Steroid-induced Reduction of Surgical Stress Study
Status:
Withdrawn
Trial end date:
2011-06-01
Target enrollment:
Participant gender:
Summary
The stress response as induced by myocardial cellular damage during cardiac surgery may lead
to myocardial stunning and apoptosis, and could therefore impair postoperative patient
recovery. Surgical trauma typically induces the liberation of cytokines. Some of these
cytokines are strongly associated with the initiation of intracellular proapoptotic pathways
through activation of tyrosine kinases and integrins. The latter are known for their
deteriorating effects on cardiac function and are strongly involved in cardiac remodeling.
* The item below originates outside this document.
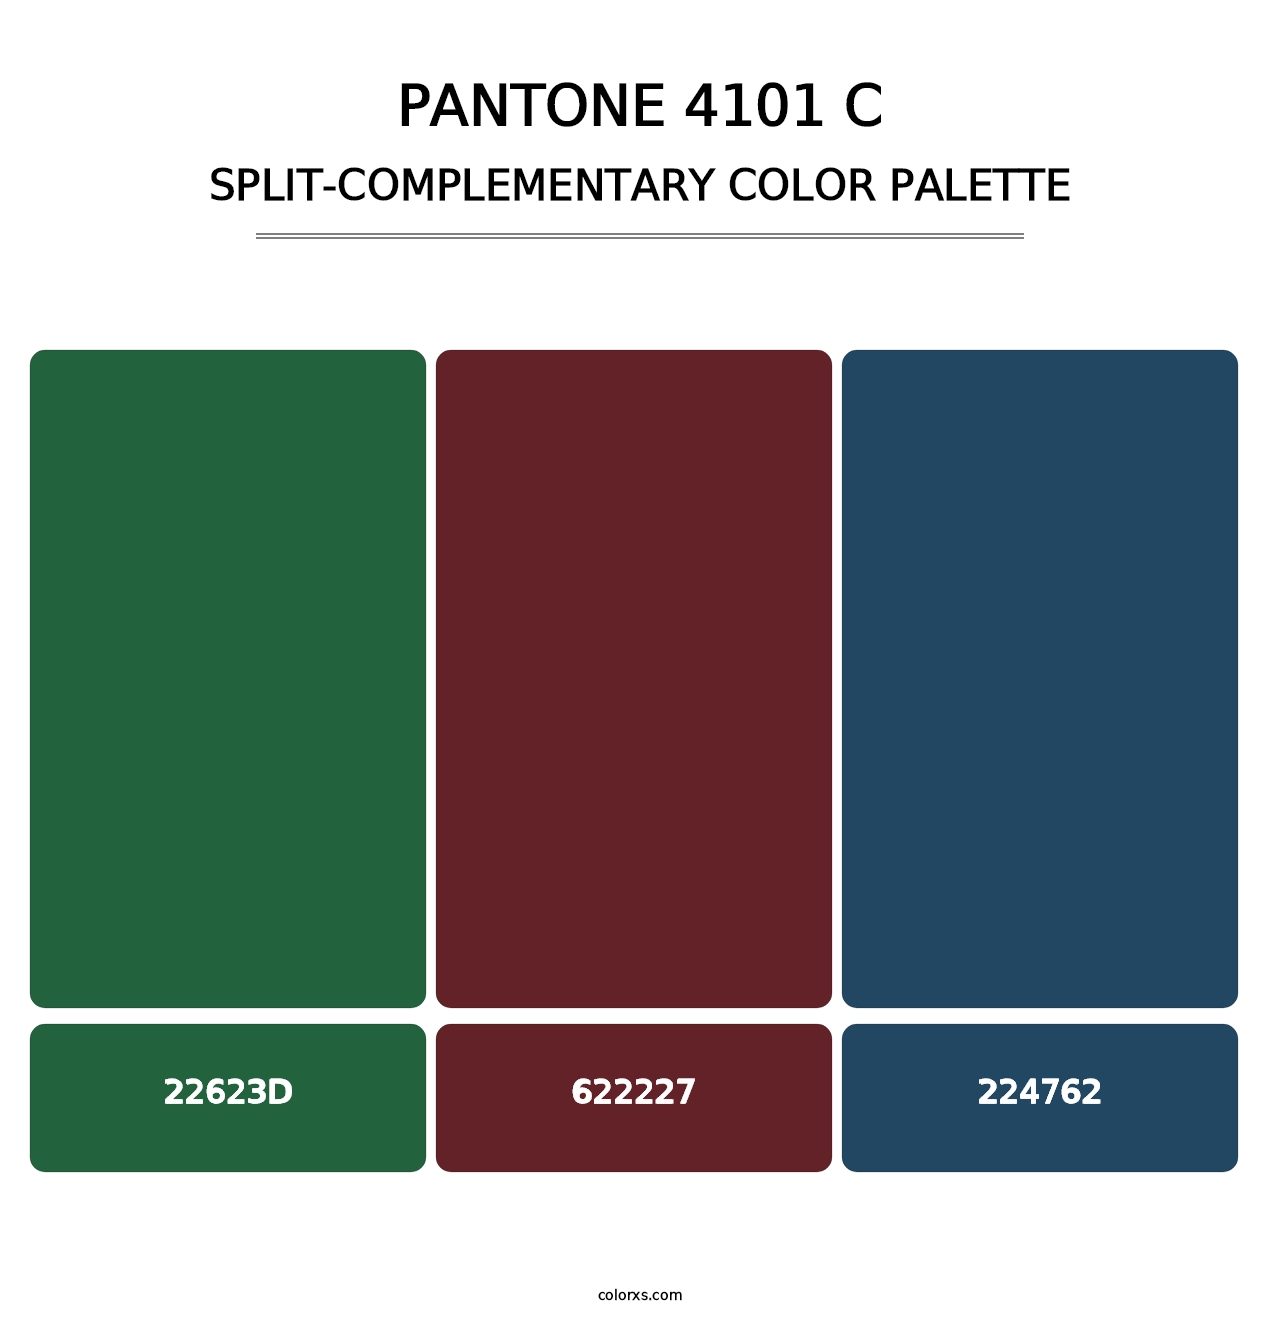 PANTONE 4101 C - Split-Complementary Color Palette
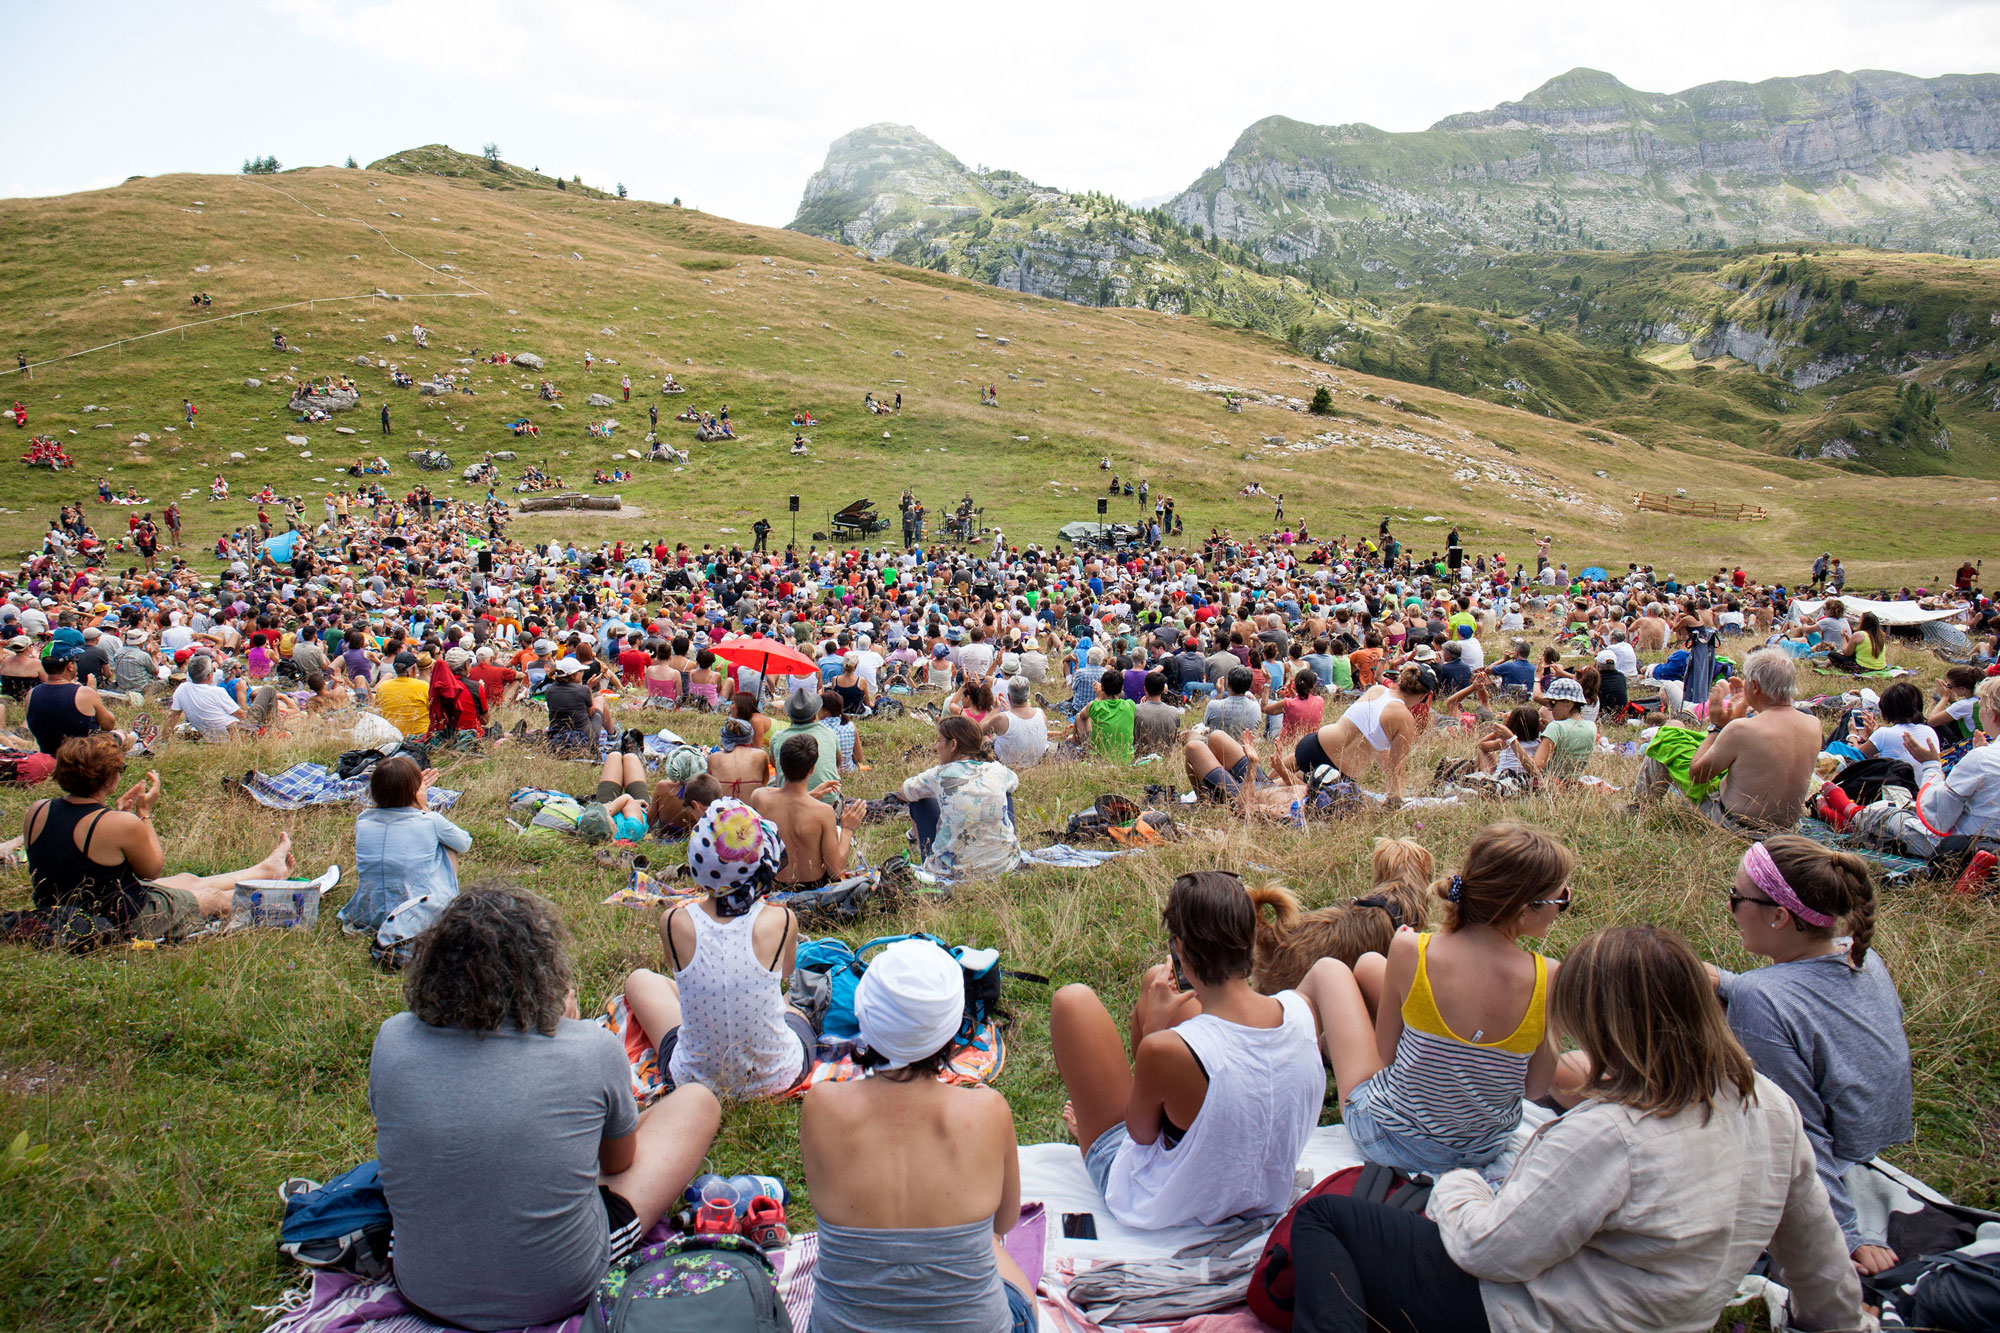 Publikum auf Picknickdecken vor Bergkulisse

Dexamethasone is typically administered prior to cardiac surgery in order to especially
reduce the release of proinflammatory cytokines. It has however never been investigated
whether this additionally reduces proapoptotic signaling in the human heart, thereby
eliminating risk factors for the induction of cardiac dysfunction. In the present study, the
investigators therefore aim to investigate whether dexamethasone inhibits proapoptotic
pathways in patients undergoing cardiac surgery. Furthermore, the investigators would like to
elucidate whether this proposed effect of dexamethasone is related to the reduction of the
stress response in the heart or indirectly by suppression of cytokine release. For this
purpose the investigators will obtain cardiac biopsies and plasma from patients, who are
randomly assigned to placebo or dexamethasone treatment and undergo on and off-pump coronary
artery bypass grafting (CABG) surgery.